Group I consisted of 53 male children, whereas group II consisted of 46 male children. The average age was 10.86 ± 1.85 (years) and 11.21 ± 1.74 (years), respectively. There was no significant statistical difference between the groups in terms of age (p = 0.275) and gender (p = 0.402). When comparing the socioeconomic status between the groups I and II, there was no significant difference (p = 0.06), and the values were 11.14 ± 2.30 and 10.49 ± 1.54, respectively.

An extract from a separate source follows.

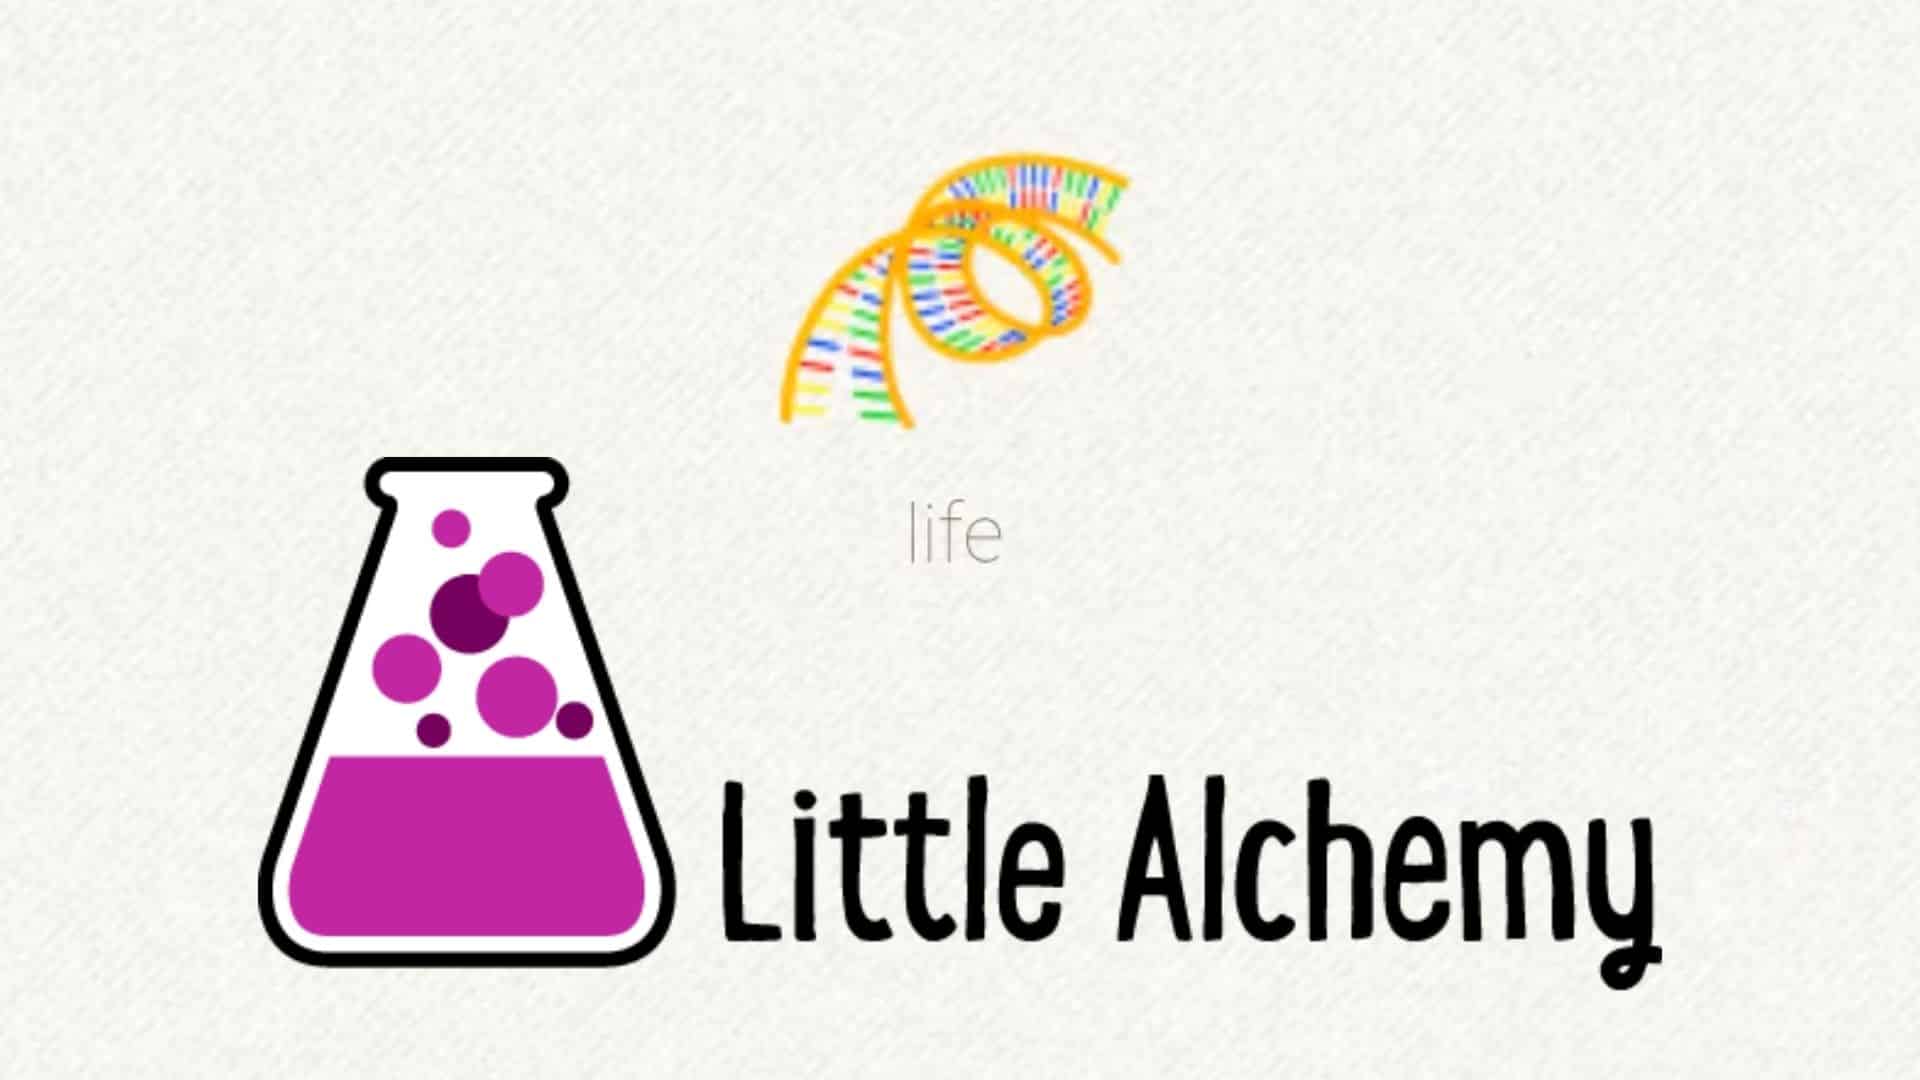 How to make chicken in Little Alchemy – Little Alchemy Official Hints!

The comparison of IQ, ADHD symptoms, OP, and CP scores between the groups is shown in Table 1.

Table 1.

Evaluation of Destructive Conduct Problems, Inattention, and Hyperactivity Scores Across Groups

	ADHD (n = 65), mean ± SD	Control (n = 61), mean ± SD	p
IQ	102.07 ± 11.39	102.29 ± 15.07	0.279
CBCL oppositional	62.55 ± 10.02	53.25 ± 4.36	0.000
CBCL conduct	59.21 ± 7.86	52.01 ± 3.65	0.000
SNAP-IV (PR-inattentive)	16.36 ± 5.80	3.32 ± 3.49	0.000
SNAP-IV(PR-hyperactivity)	13.17 ± 7.37	4.19 ± 4.52	0.000
SNAP-IV (TR-inattentive)	14.63 ± 5.71	2.51 ± 2.87	0.000
SNAP-IV (TR-hyperactivity)	10.58 ± 7.72	1.03 ± 2.10	0.000

ADHD, attention-deficit/hyperactivity disorder; CBCL oppositional, standard score of CBCL oppositional problems; CBCL conduct, standard score of CBCL conduct problems scale; IQ (intelligence quotient), standard score of overall WISC-R; PR, parent ratings; SD, standard deviation; SNAP-IV, Swanson, Nolan, and Pelham–IV questionnaire; TR, teacher ratings were symbolized.

The children in the experimental group had higher OP, CP, inattentiveness, and hyperactivity values than the control group.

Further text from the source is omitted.